Gender, sex, sexuality… Are we inventing something new or has it all been done before? How does misogyny influence homophobia and transphobia? Kimberly Dark offers funny, scandalous, true and titillating tales about the roots of our gendered desires, fears and anger. This performance takes the audience on a journey across time and cultures to explore the themes that feel closest to home. Dark’s shows have twice been on Curve magazine’s top ten lesbian theatre performances of the year – come see why.
Reviews
Kimberly Dark is a fantastic storyteller, a skill she wields with quiet power in Dykeopolis. Part educational conversation, part compelling performance art, the show tackles issues of gender, sexuality and societal expectations, with Dark using her own experiences to guide the audience through a meditation on the invasive nature of sexism and homophobia. Pure entertainment this show is not—it’s often more an artistic education workshop than a theatrical performance. But time spent listening to Dark speak is well worth it, and her eloquent and moving delivery makes the hour of the show fly by, even while you grapple with some heavy subject matter and big ideas.”
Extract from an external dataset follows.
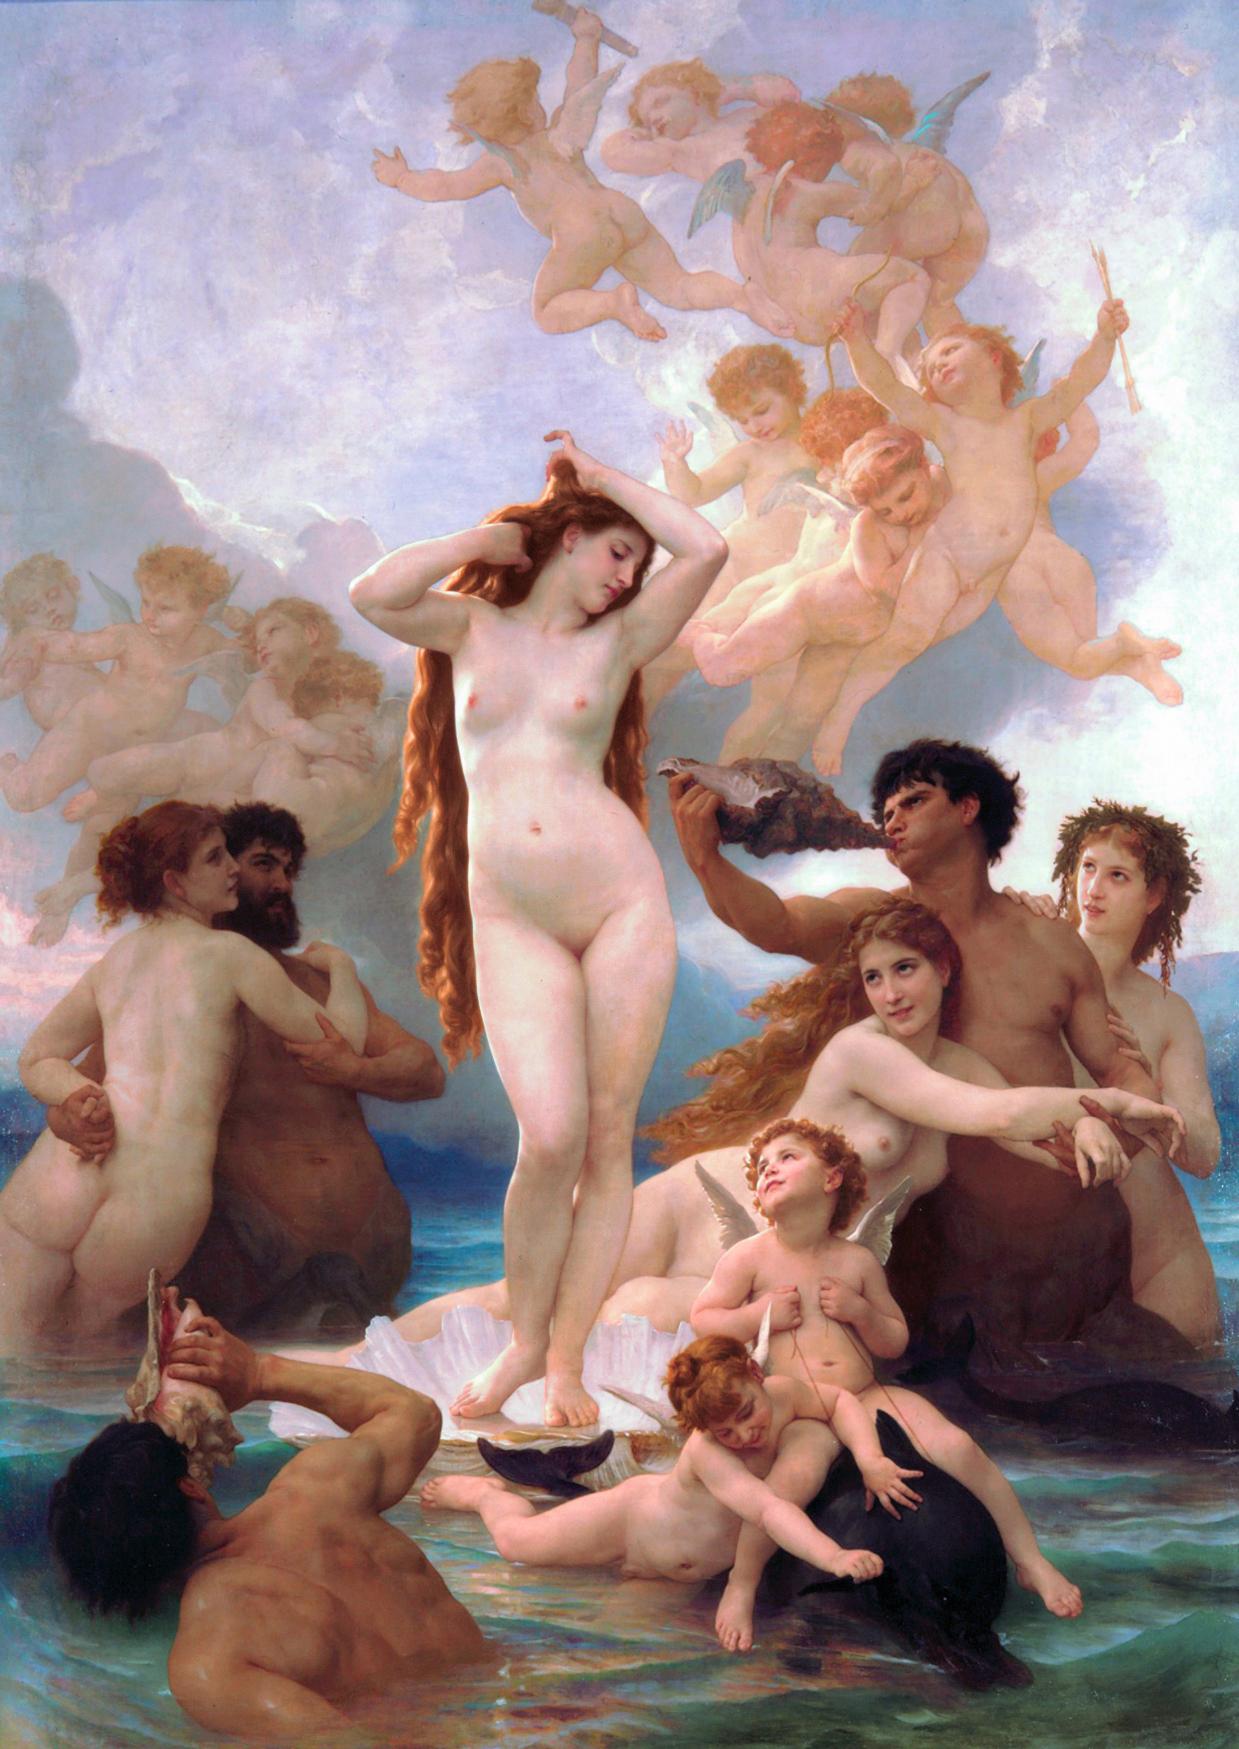 Painting: Beouguereau Birth of Venus

– The Vue, Edmonton, Alberta
"Dark presents a series of warm and touching tales — often funny, sometimes painful — about love, gender roles, language, cultural differences and sexism. The San Diego native is a master storyteller, breathing life into memories about her first girl crush, her first lover, and trying to hide her sexuality from a cop who might not be so tolerant.”
– Edmonton Review
"[Dykeopolis] radicalizes an awakening within the audience... Dark is cheeky, sexy and a complete riot. She addresses really serious social issues but without aggressive angry activism."
– idigyourgirlfriend
"She is a relaxed and powerful speaker, connecting effectively with the audience and owning the stage with just a chair and a hardbound journal. Her richly intimate stories provided provocative and compelling examples of the ways that gender and sexuality interconnect and that homophobia arises out of misogyny. And her presentation was skilfully designed to reach people with a wide range of experience and comfort level with the subject matter, for example clarifying her definition of the word “queer”. But as soon as the audience felt comfortable, she jolted them out of that ease and then laughed, “You thought I was going to be a nice lesbian, didn’t you?” The narrative flows smoothly from story to concept to the next story, from the tangible intensity of a first teenage attraction to finding a balance between protecting a partner’s safety and protecting her pride in an encounter with a macho Mexican cop."